As horas voam, as estações passam, a vida se escoa,
Mas a brisa da esperança sopra continuamente em seu coração.
O nascimento traz a morte, a morte traz o renascimento:
Esse mal não necessita de prova.
Onde, pois, ó Homem, está a tua felicidade?
Esta vida tremula na balança
Qual orvalho numa folha de lótus -
Não obstante, o sábio pode nos mostrar, num instante,
Como atravessar esse mar de mudanças.
Quando o corpo se cobre de rugas, quando o cabelo encanece,
Quando as gengivas perdem os dentes, e o bordão do ancião
Vacila sob o seu peso como um caniço,
A taça do seu desejo ainda está cheia.
Teu filho pode trazer-te sofrimento,
Tua riqueza não te garante o céu:
Não te vanglories, pois, de tua riqueza,
Nem de tua família, nem de tua juventude -
Todas elas passam, todas hão de mudar.
Sabe isso e sê livre.
Entra na alegria do Senhor.
Não busques a paz nem a discórdia
Com amigos ou parentes.
Ó bem-amado, se queres alcançar a liberdade,
Sê igual em tudo.
(Texto extraído do livro “Viveka Chuda Mani" – A Joia do Supremo Discernimento** - Editora Pensamento.)
- Notas de Wagner Borges:
* Shankara - sábio hindu do século 9 d.C., autor do clássico hinduísta “Viveka Chuda Mani”.
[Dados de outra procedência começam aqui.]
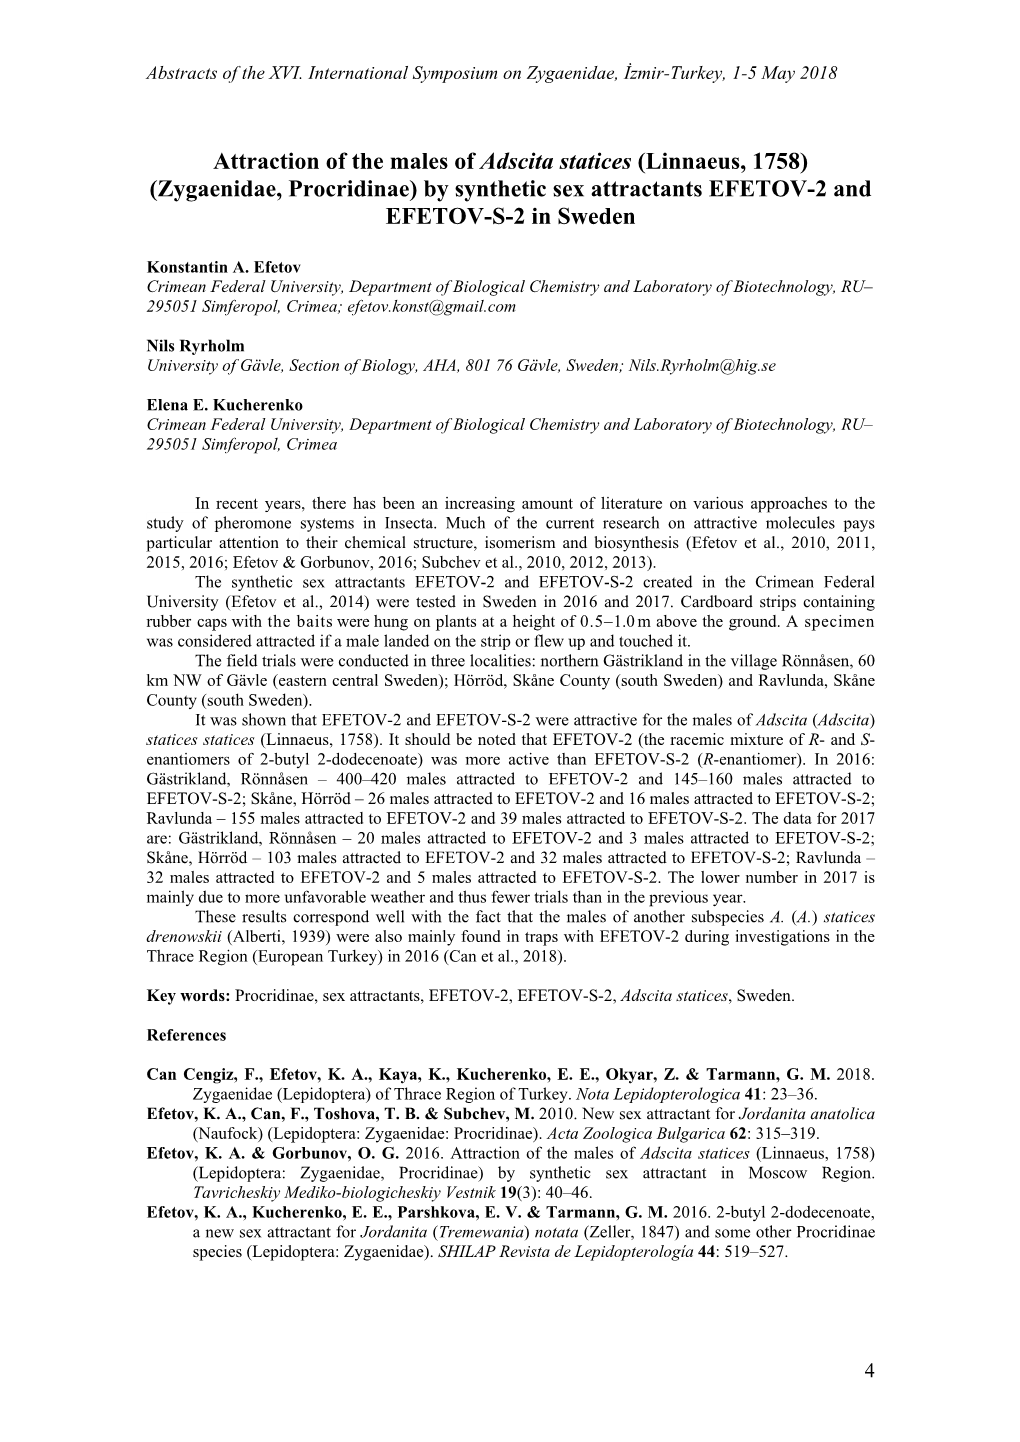 Attraction of the Males of Adscita Statices (Linnaeus, 1758) (Zygaenidae, Procridinae) by Synthetic Sex Attractants EFETOV-2 and EFETOV-S-2 in Sweden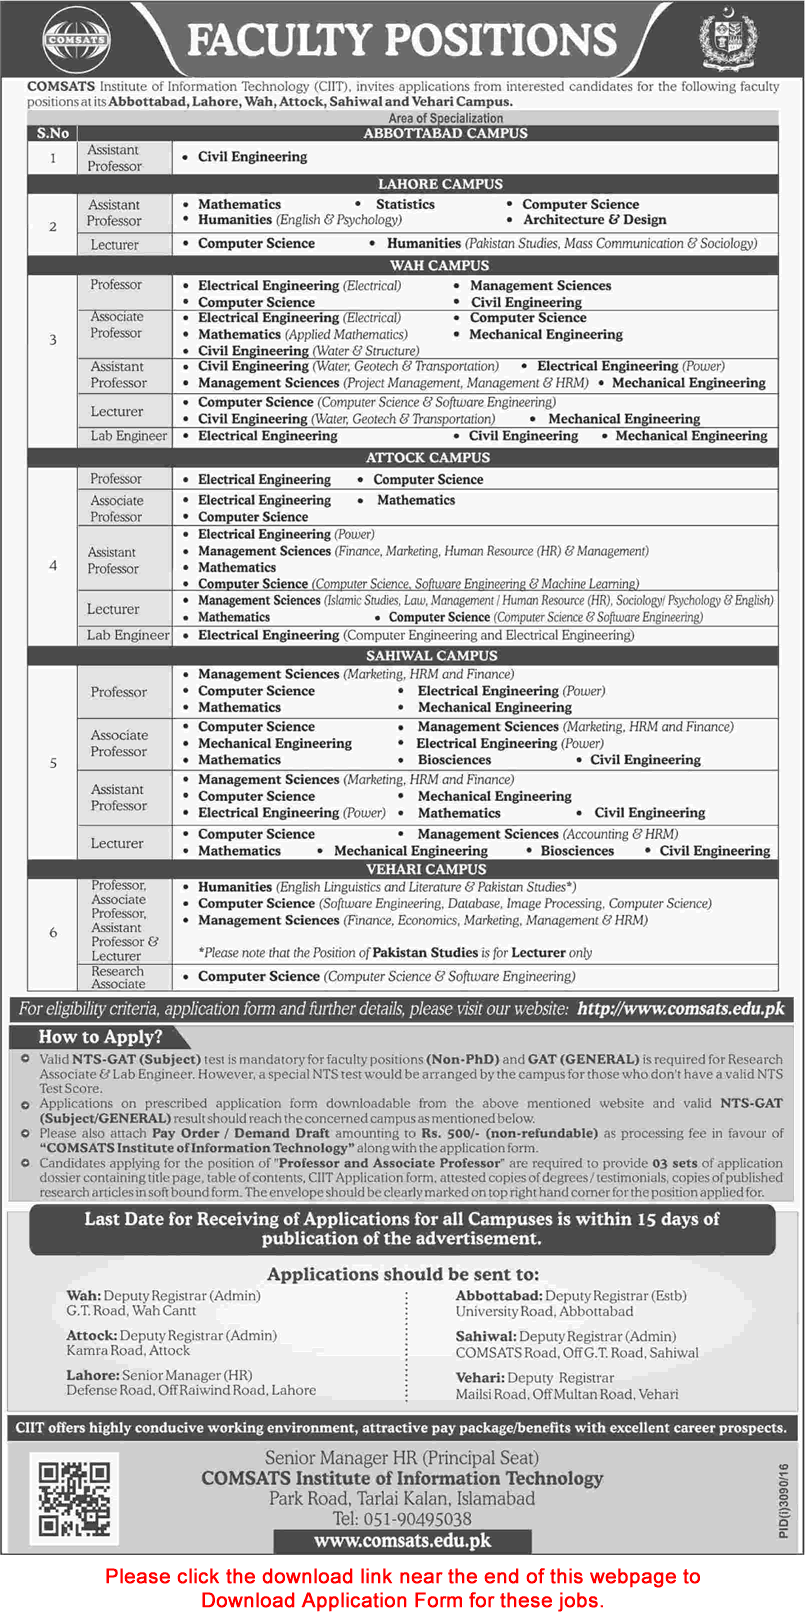 COMSATS Jobs December 2016 Application Form Teaching Faculty, Lab Engineers & Research Associate Latest

Obs.: Também é um dos epítetos do deus Shiva, um dos aspectos da trimurti hinduísta (Brahma – O Criador, Vishnu – O Preservador, e Shiva – O Transformador).
A tradução literal de Shankara é “Aquele que dispensa bênçãos” (“dispensador de bênçãos”; ou seja, Shiva e, por extensão, os seus avatares).
Logo, Shankara é considerado como um dos avatares de Shiva.
** Viveka Chuda Mani - nome do célebre livro de Shankara.
Sua tradução literal é: Viveka, o discernimento espiritual; Chuda, suprema; e Mani, a joia". Ou seja, “A Suprema Joia do Discernimento”.
E como a palavra Mani também significa a joia oculta no coração (o atman, a essência espiritual imperecível), pode-se traduzir o sentido real da obra de Shankara assim: “O Discernimento Supremo Que Mora na Joia do coração Espiritual”.
Resumindo: na verdade, além do nome do livro, trata-se de um poderoso mantra evocativo da atmosfera espiritual dos rishis (sábios) que inspiraram "Os Upanishads", o trabalho de Shankara e os elevados valores conscienciais do Vedanta.